Dawn uses xenon atoms as fuel; this noble gas was chosen because of its stability and relatively low ionization energy (the energy required to remove an electron). In the ionization chamber, electrons knock electrons free from xenon atoms to produce positively charged xenon ions. Two electrically charged grids at the rear of the engine accelerate the xenon ions. The first grid is more negatively charged than the walls of the engine but is more positively charged than the second grid. The first grid attracts the xenon ions, helping line them up so that they can pass through the grid; once the ions are near the first grid, the potential difference between the two grids accelerates them to very high speeds. This stream of ions is also known as a thrust beam.

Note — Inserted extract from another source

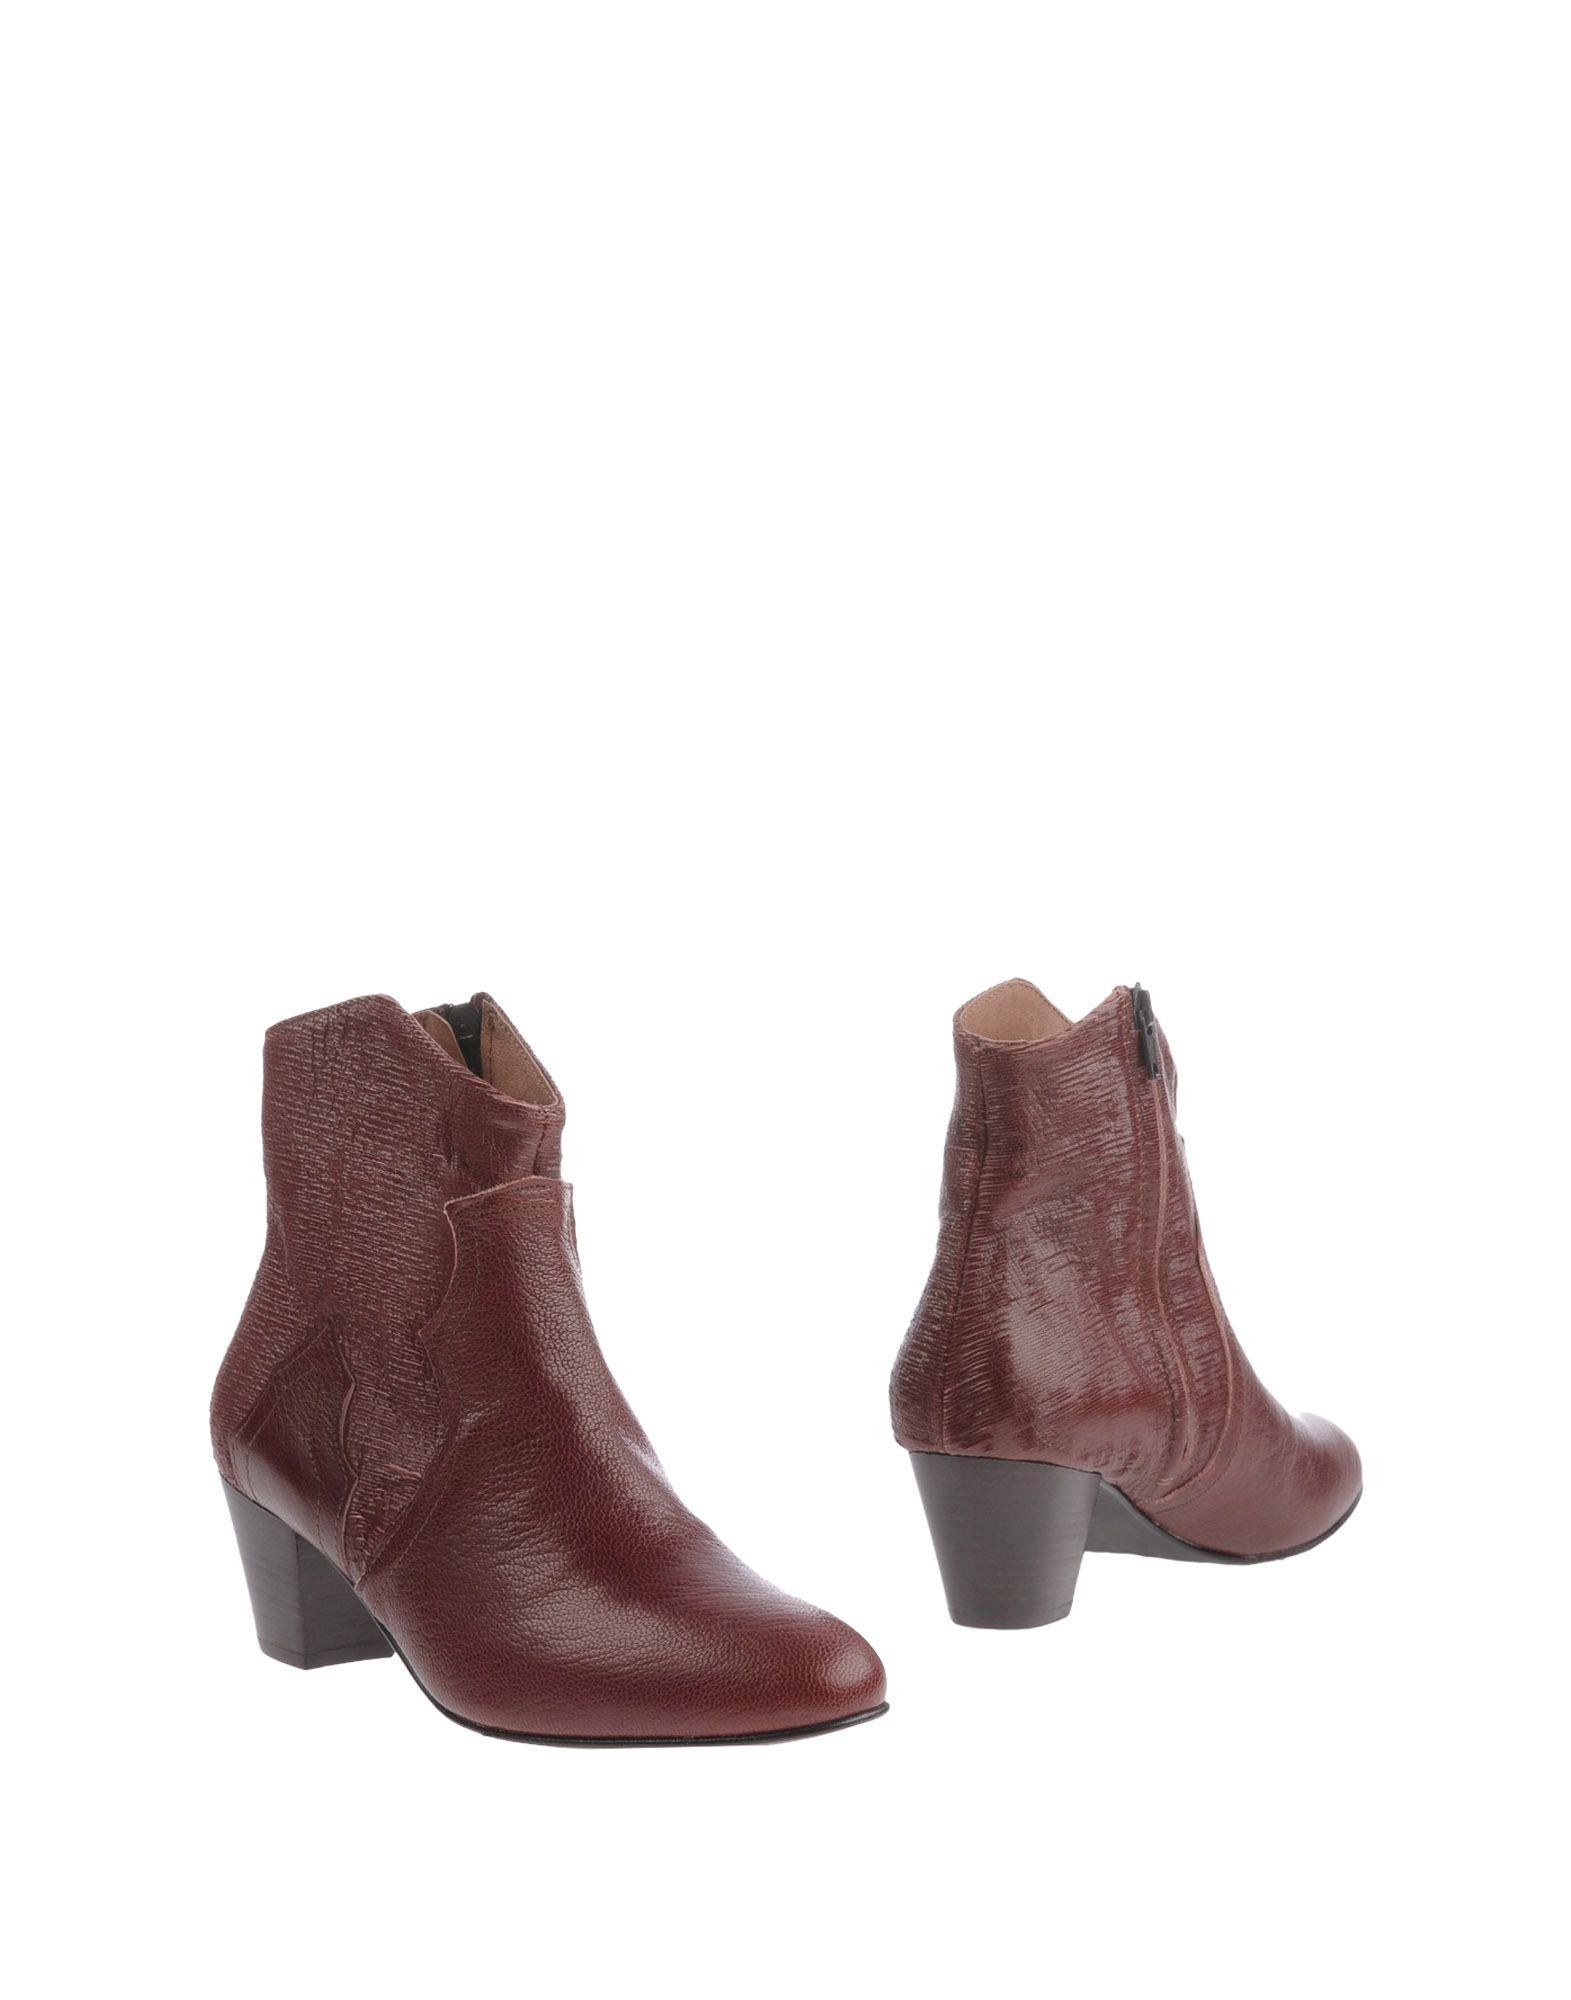 1725.A Stiefelette Damen  11220004OO Gute Qualität beliebte Schuhe
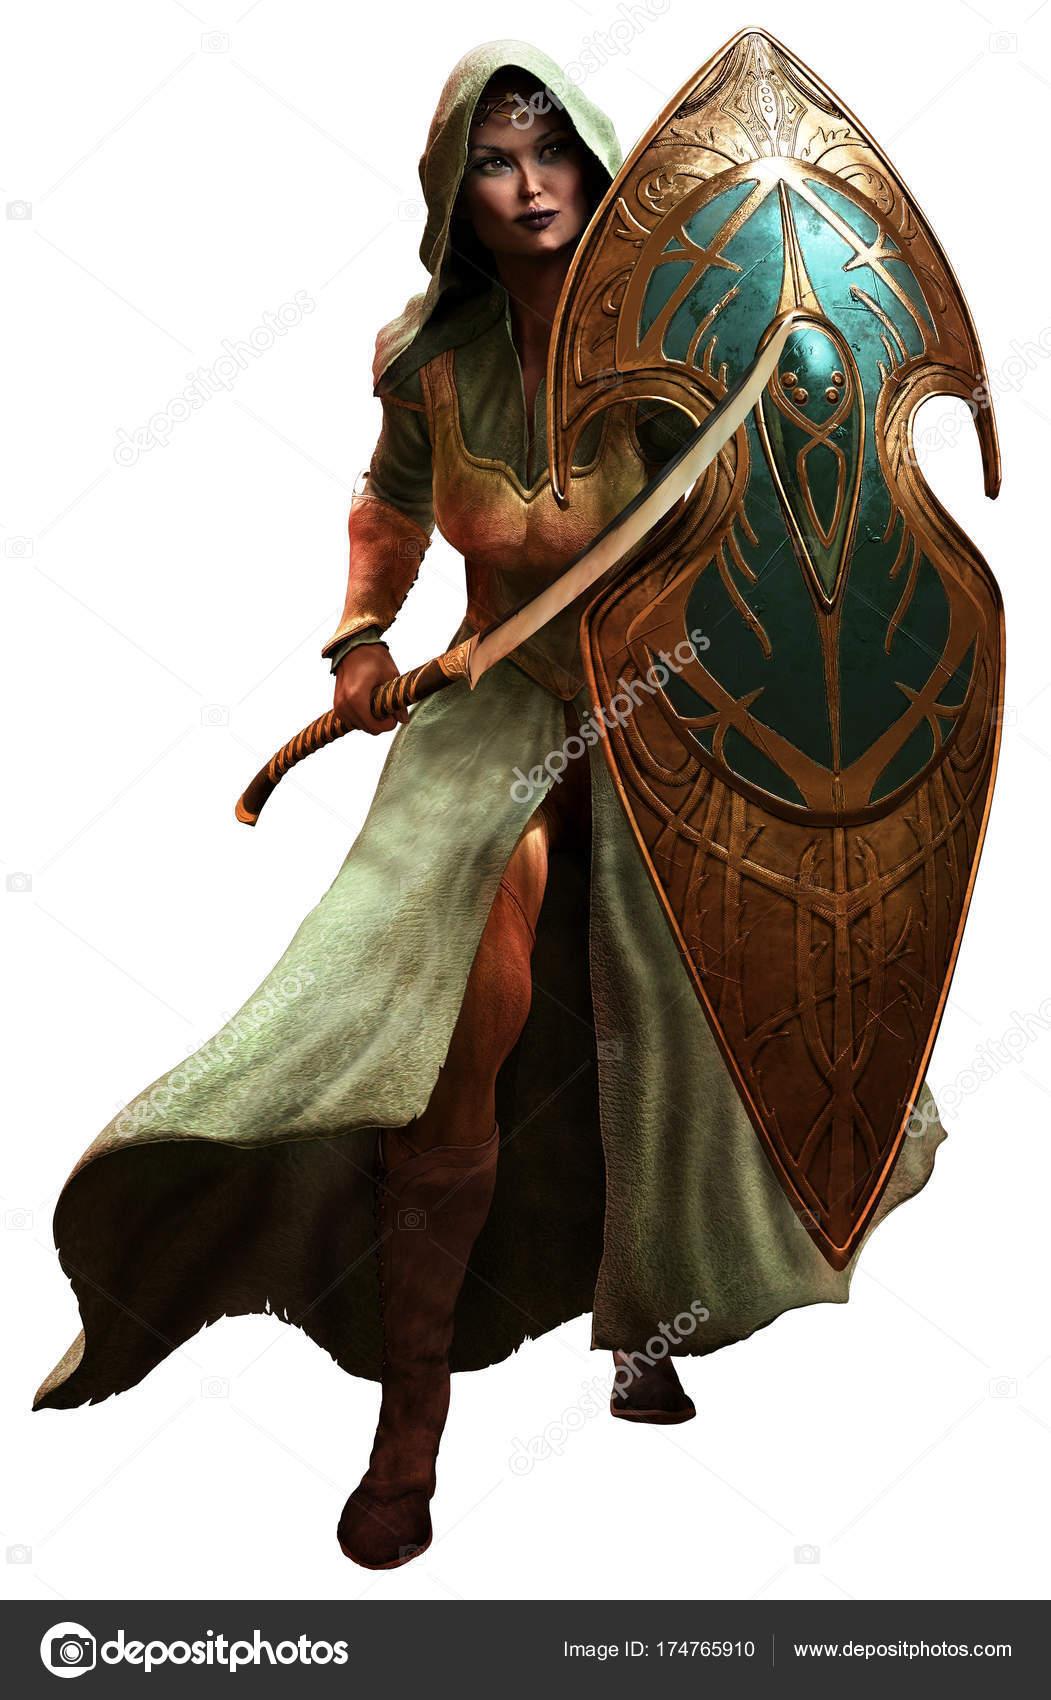 [Aventura]: Os Escolhidos - Página 20 Depositphotos_174765910-stock-photo-elf-warrior-illustration

This interactive activity features a model of an ion engine. Although the model does not portray all aspects of a real engine accurately—for example, the relative number and sizes of xenon ions is not accurate—it can be useful to help understand certain concepts. In particular, it illustrates how engine design relies on understanding the attractive and repulsive forces of electric charges: the space between the grids cannot be too large—too many ions in the space at the same time would create a shielding effect and the positive ions may stray as they repel each other. The model also shows how the time spent thrusting is as important to take into account as the strength of the thrust. Total impulse (measured in newton-seconds, Ns) is the product of the thrust and the time spent thrusting; because the thrust may change over time, total impulse can be found by multiplying time by the average thrust.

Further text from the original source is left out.